Provided material →
══════════════════════════════

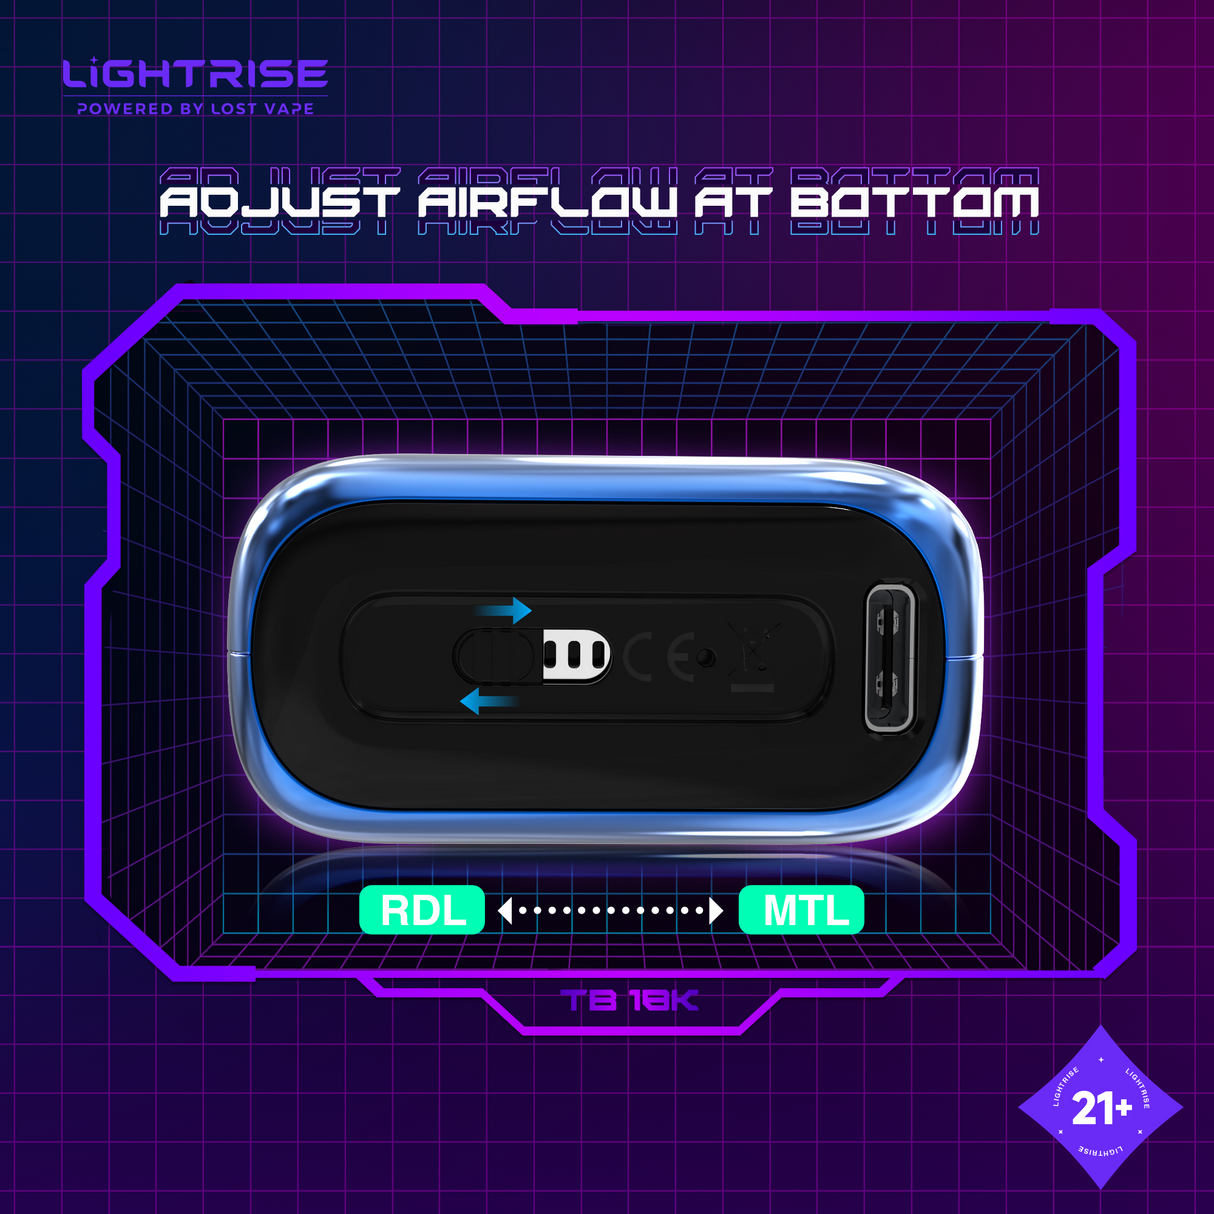 LIGHTRISE TB 18K Powered By Lost Vape details_4
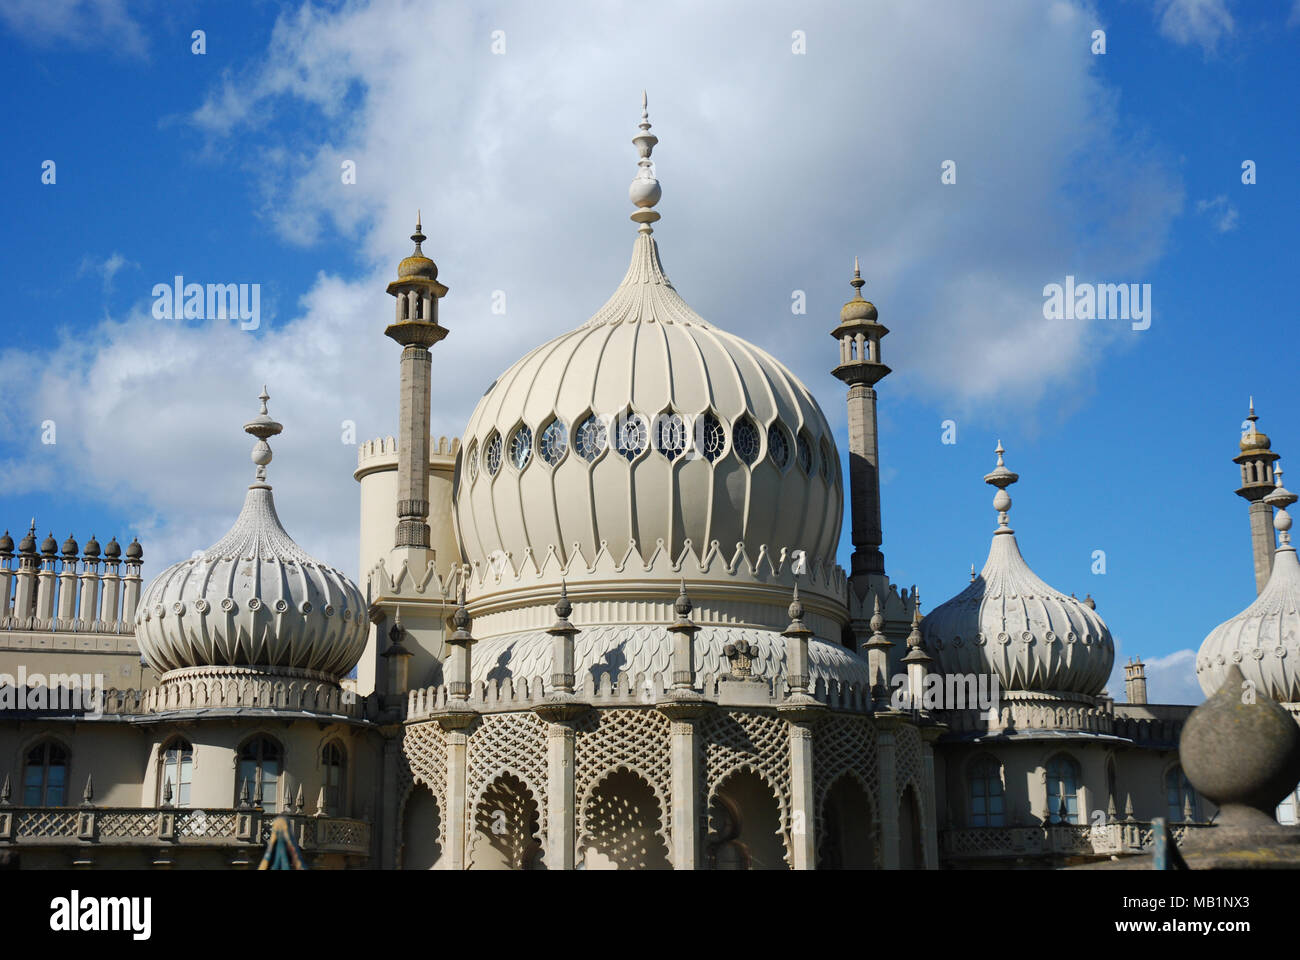 Brighton Pavilion closer view of the domes, minarets and towers Stock Photo
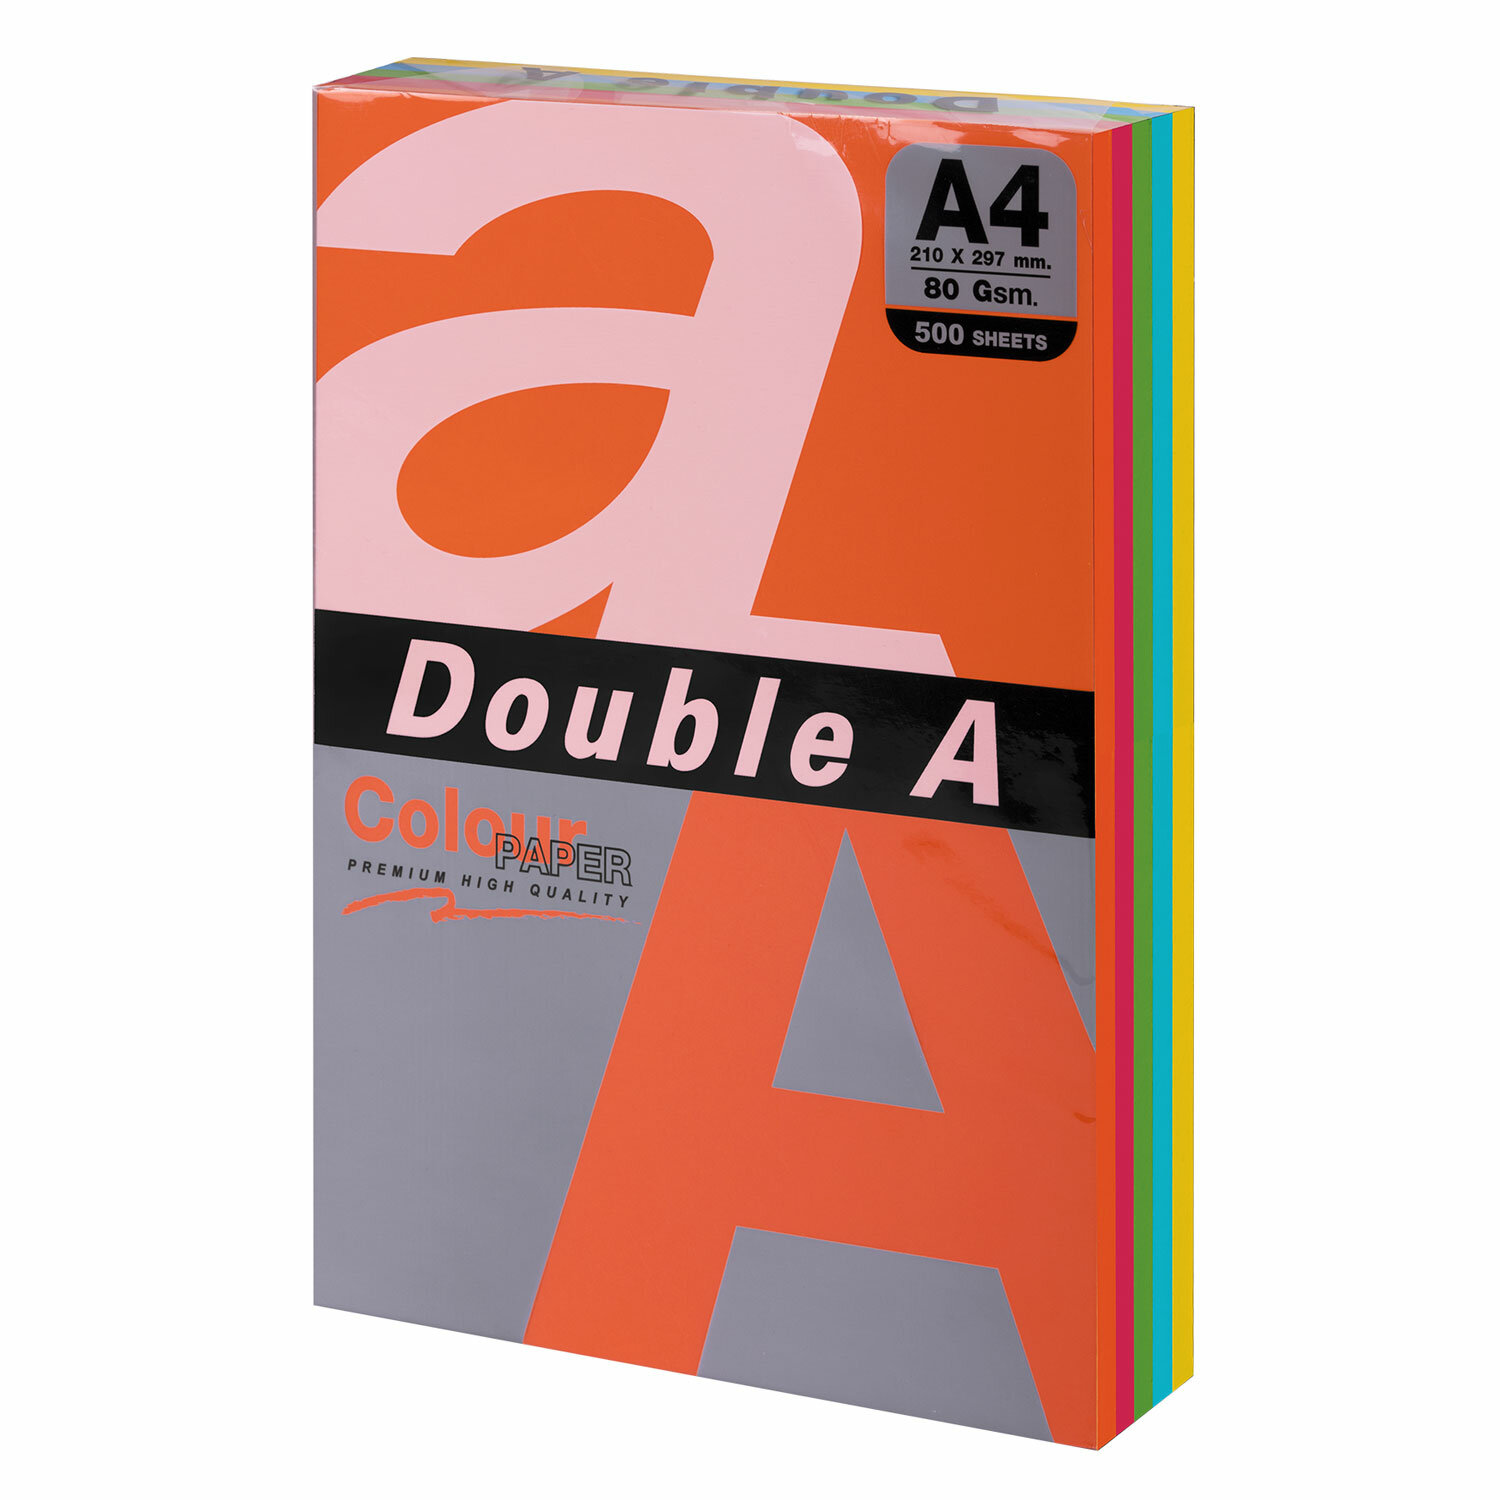   DOUBLE A 4, 80 /2, 500 .,

══════════════════════════════

Task goal →
Without including any picture, write out the material above verbatim.

Exercise result →
 LIGHTRISE TB 18K Powered By Lost Vape details_4
 Brighton Pavilion closer view of the domes, minarets and towers Stock Photo
   DOUBLE A 4, 80 /2, 500 .,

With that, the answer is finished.